#### [Recorded information]

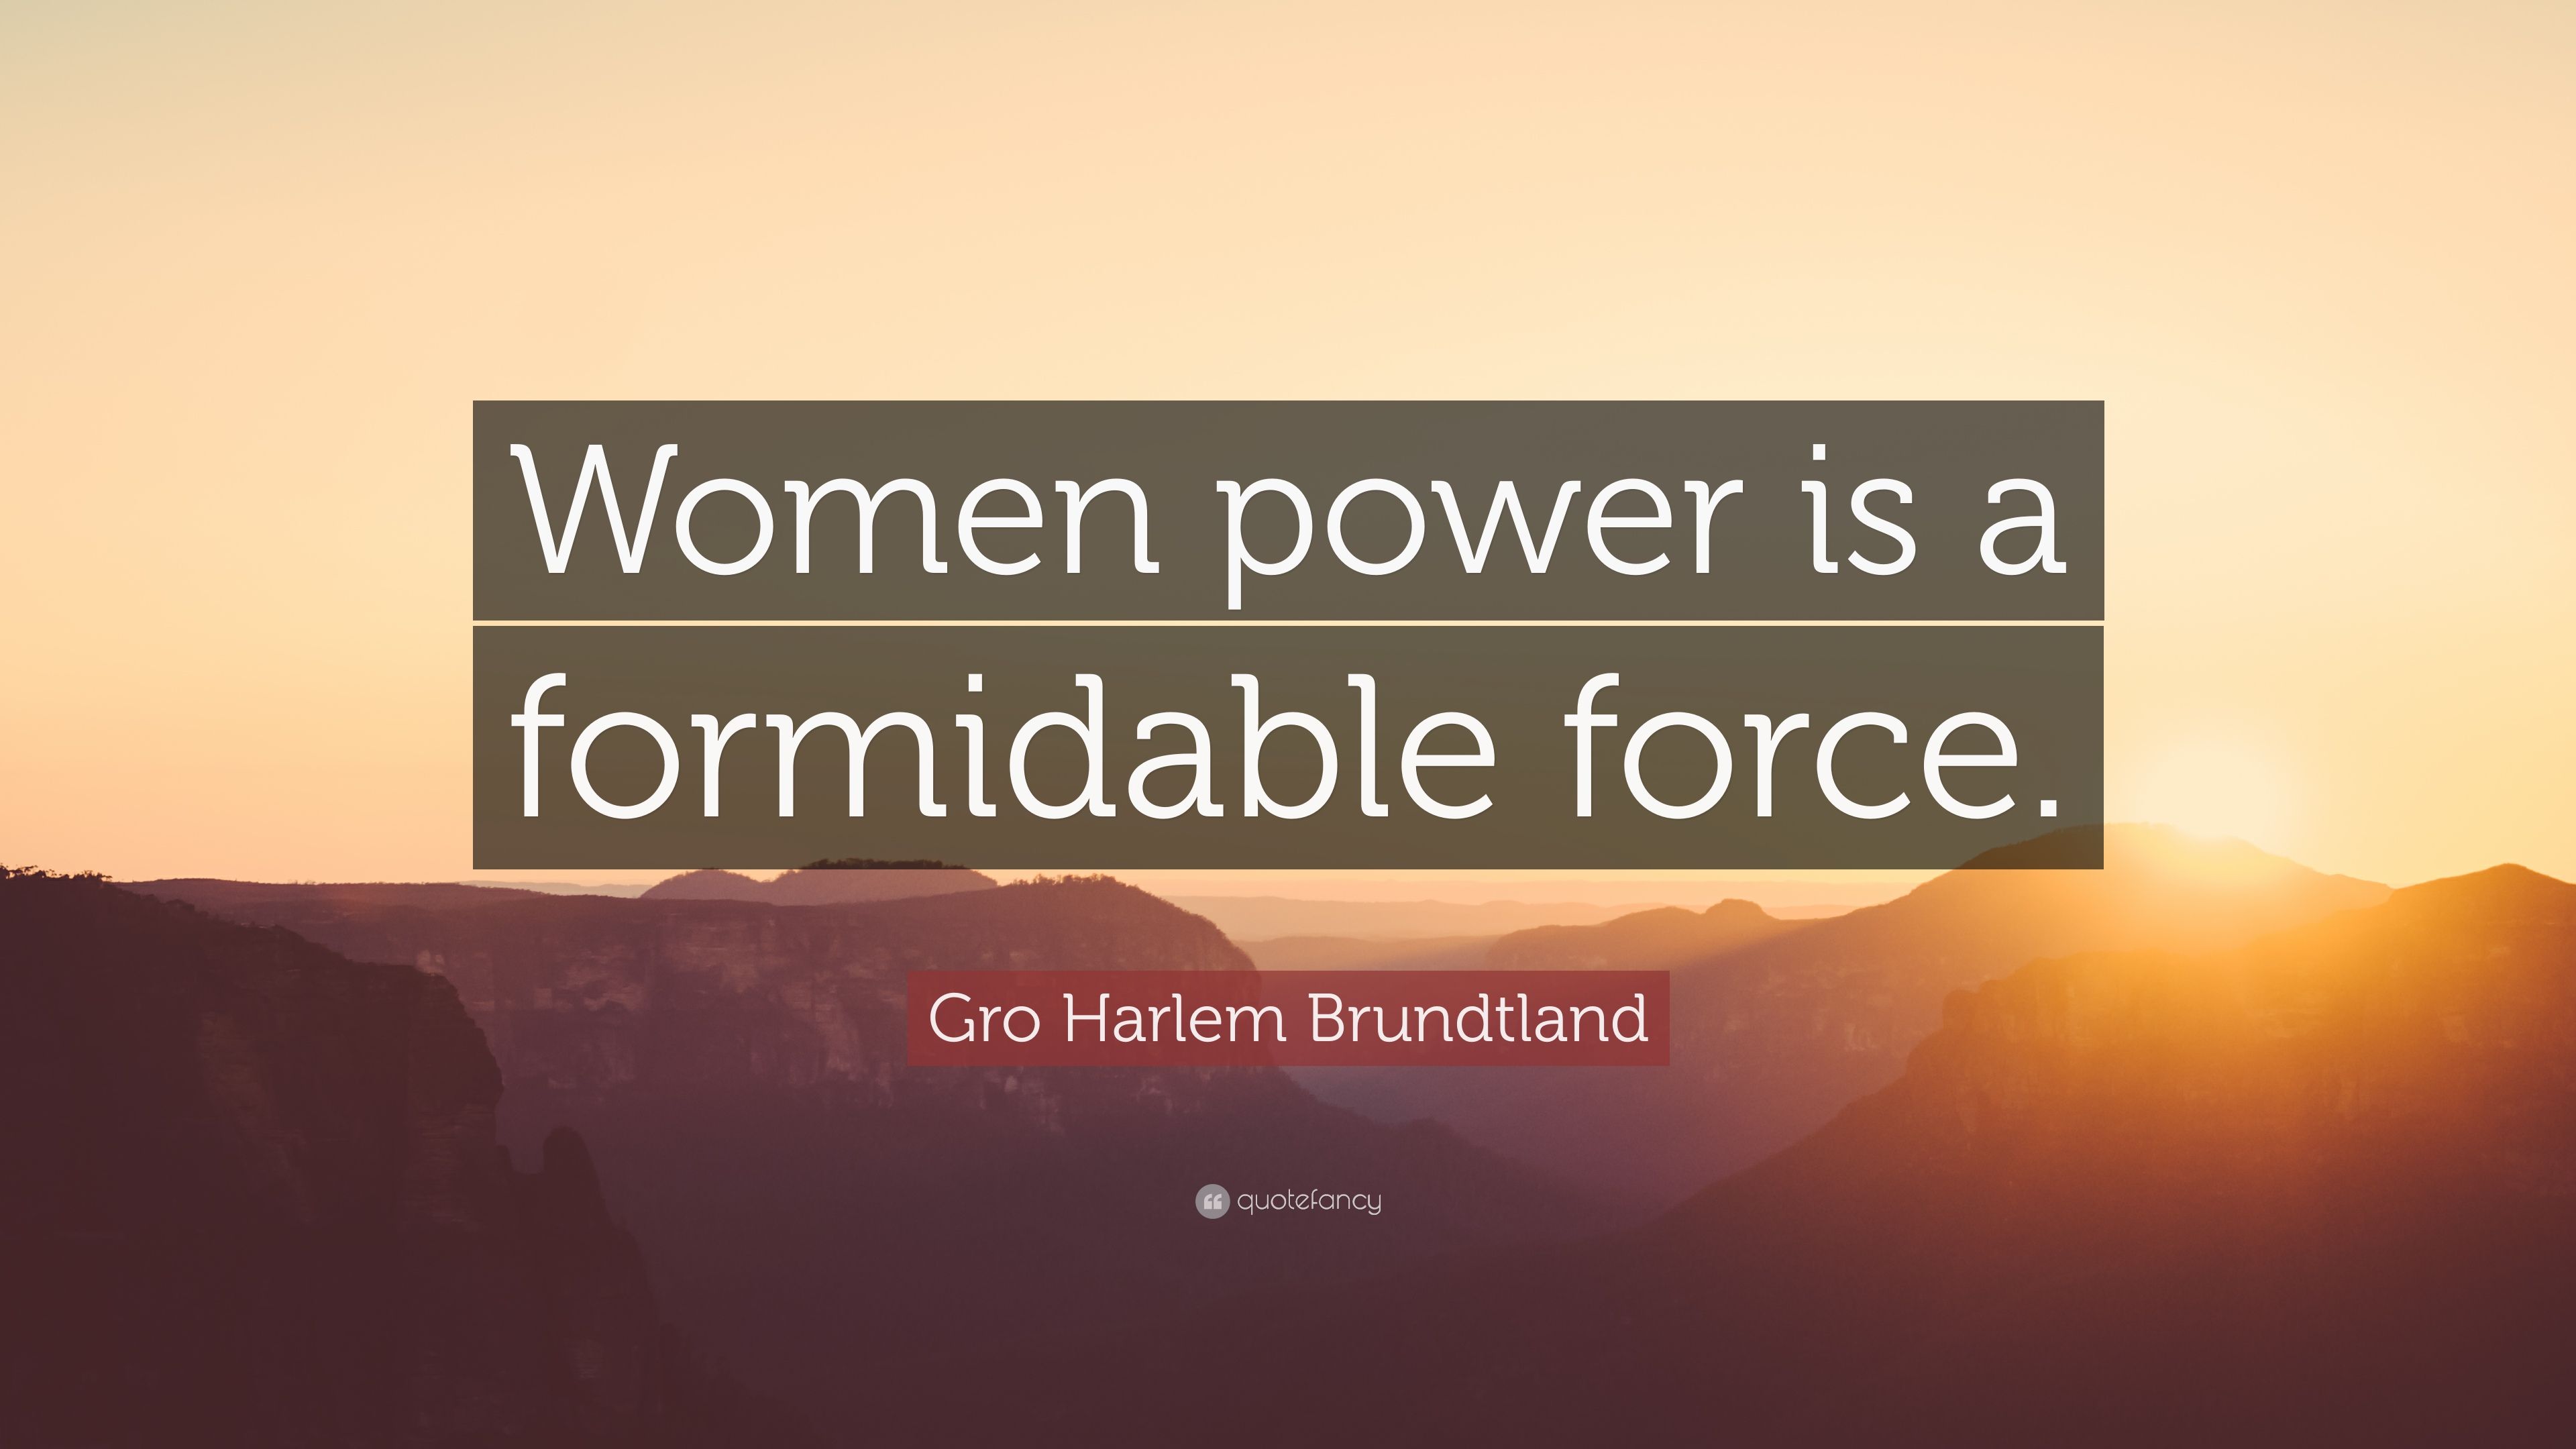 Gro Harlem Brundtland Quote: “Women power is a formidable force
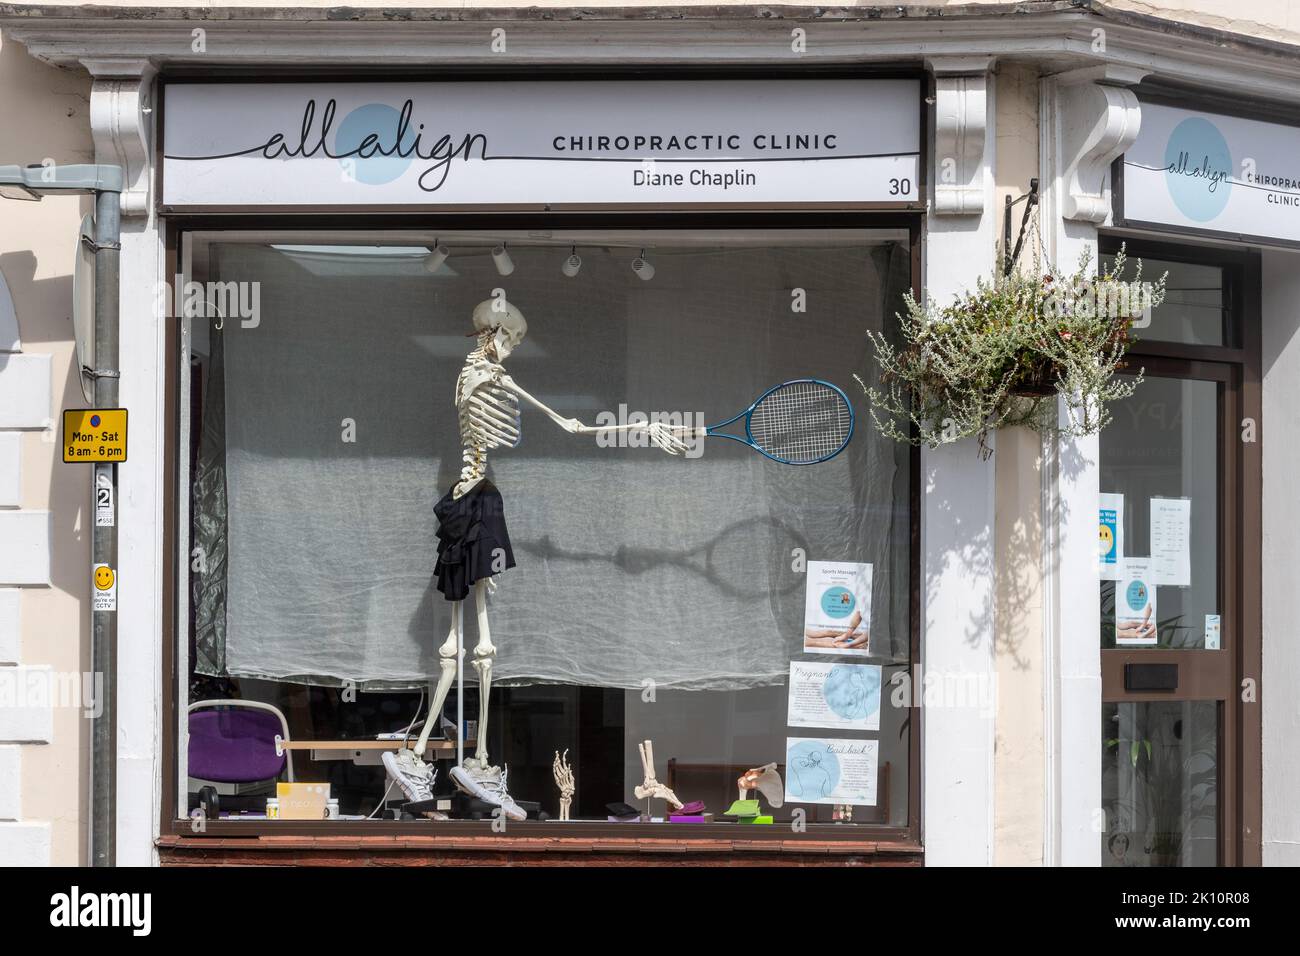 Chiropractic clinic quirky shop window display with a skeleton holding a tennis racket, Liss, Hampshire, England, UK Stock Photo
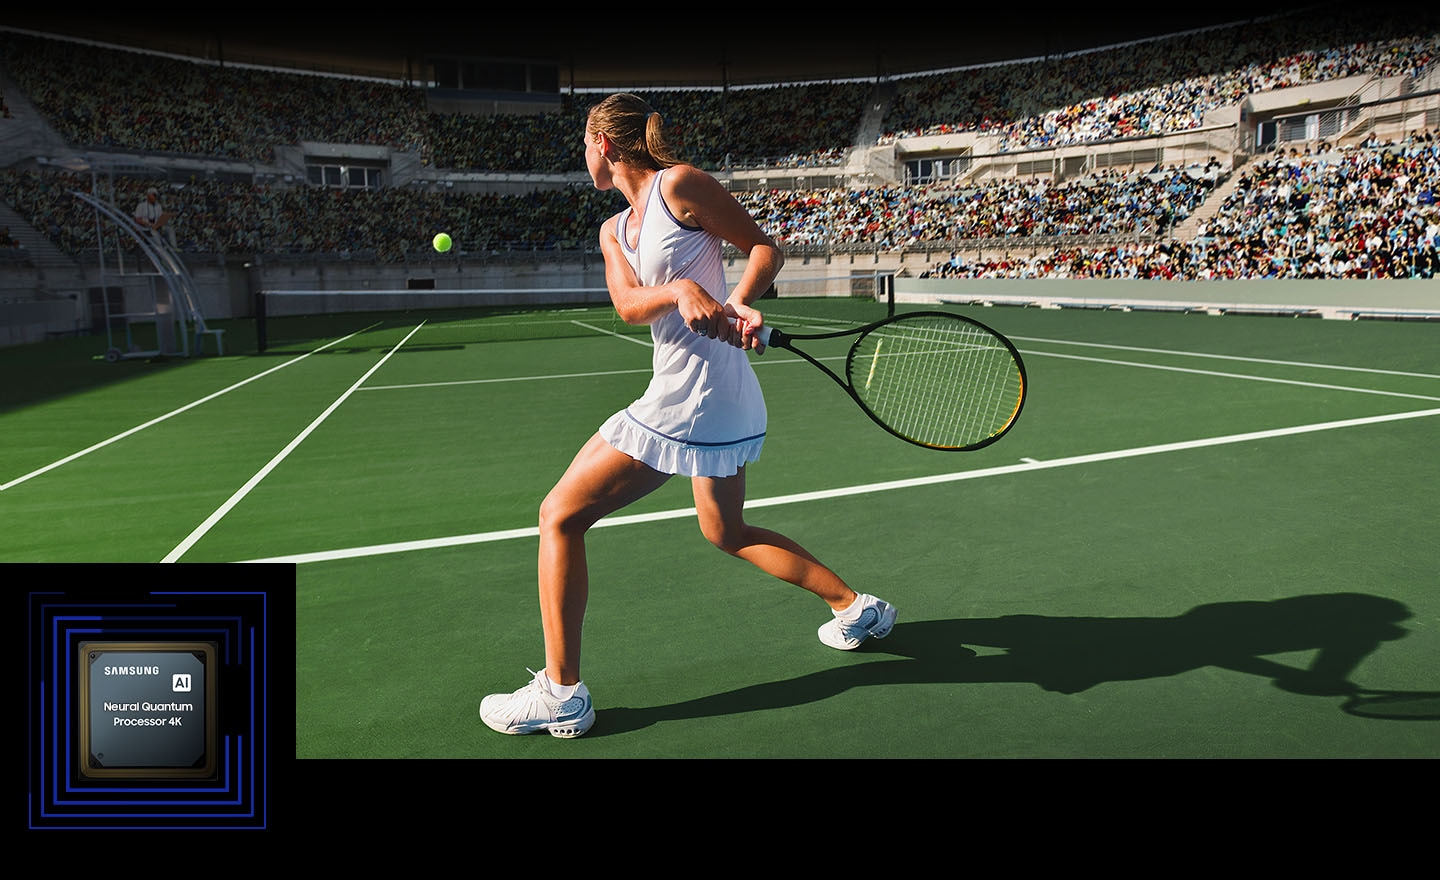 A woman is playing tennis in front of a large crowd.<br>The Neural Quantum Processor 4K processes the many objects on display and enhances the entire scene.<br>Neural Quantum Processor 4K is on display in the lower lefthand corner.
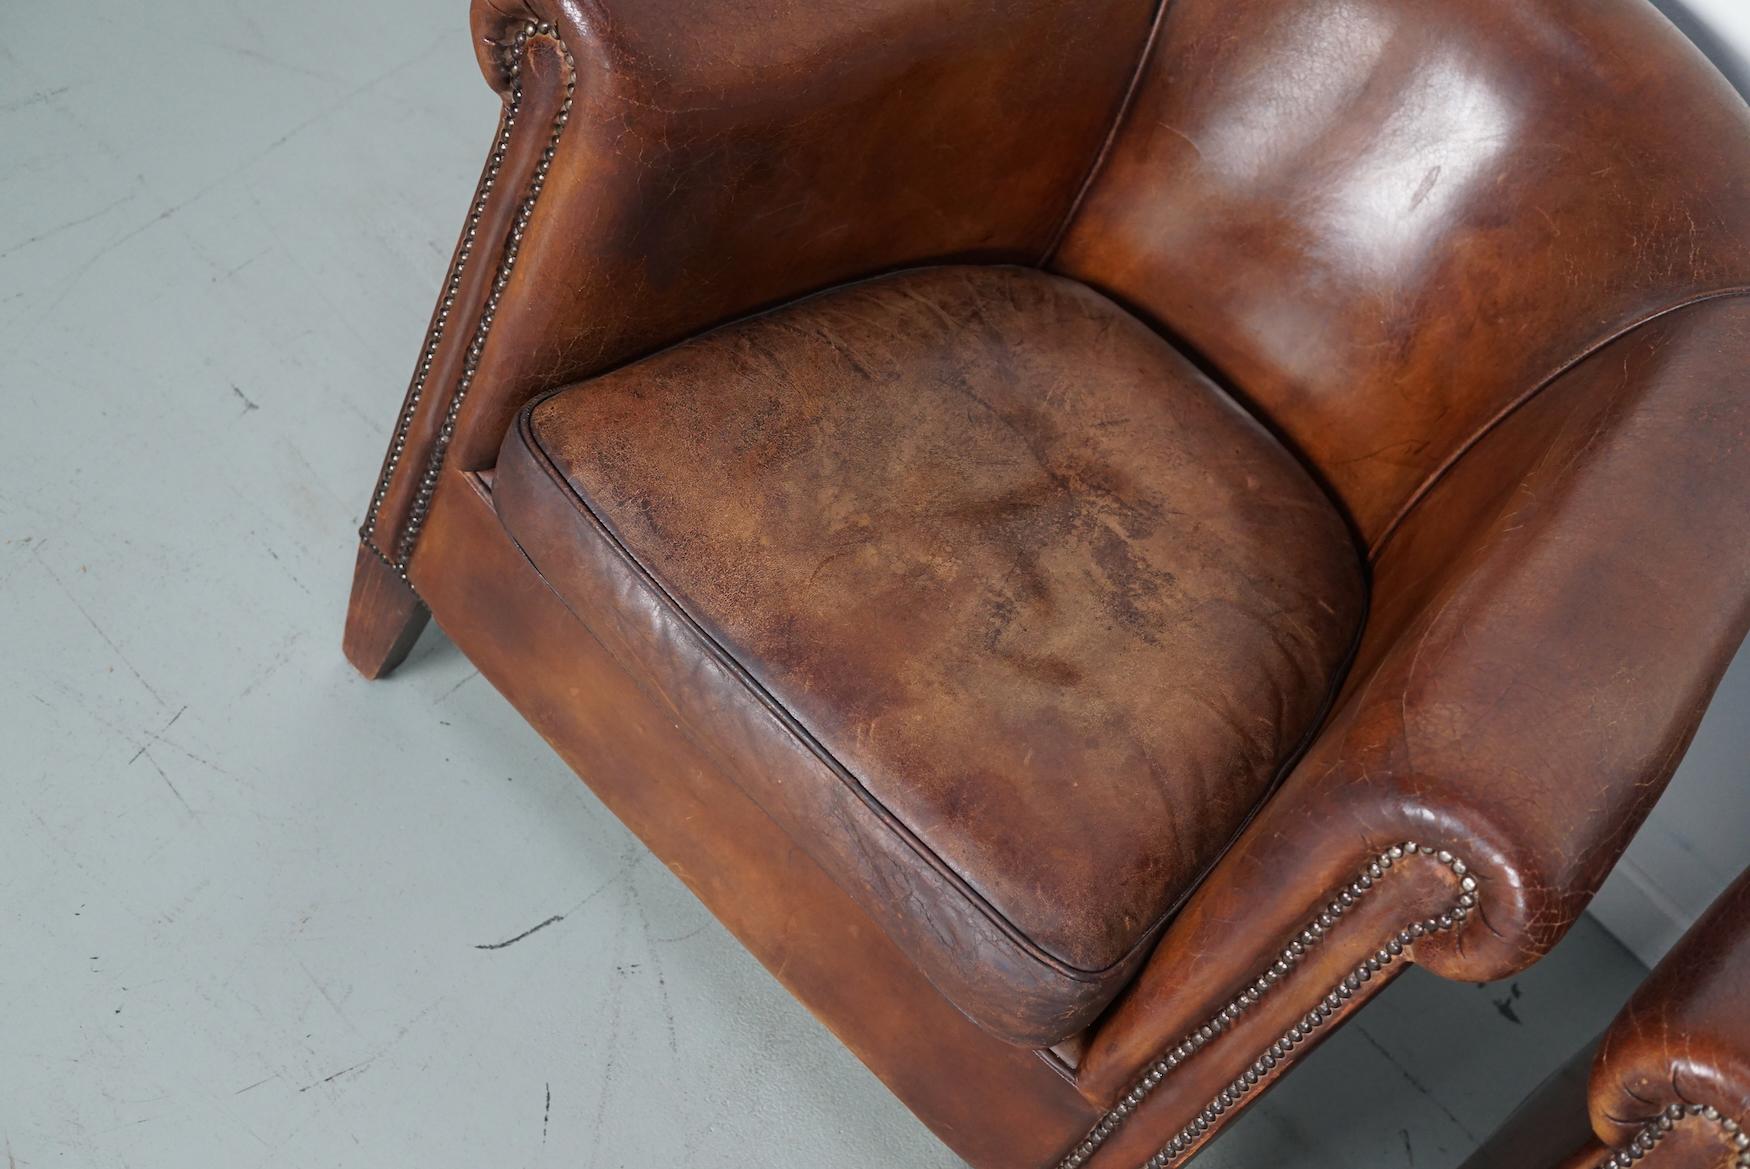 Vintage Dutch Cognac Colored Leather Club Chair, Set of 2 In Good Condition In Nijmegen, NL

#### [Exercise]
Without the pictures, write out the listing exactly as it appears above.

#### [Response to the exercise]
 Gro Harlem Brundtland Quote: “Women power is a formidable force
 Chiropractic clinic quirky shop window display with a skeleton holding a tennis racket, Liss, Hampshire, England, UK Stock Photo
 A woman is playing tennis in front of a large crowd.<br>The Neural Quantum Processor 4K processes the many objects on display and enhances the entire scene.<br>Neural Quantum Processor 4K is on display in the lower lefthand corner.
 Vintage Dutch Cognac Colored Leather Club Chair, Set of 2 In Good Condition In Nijmegen, NL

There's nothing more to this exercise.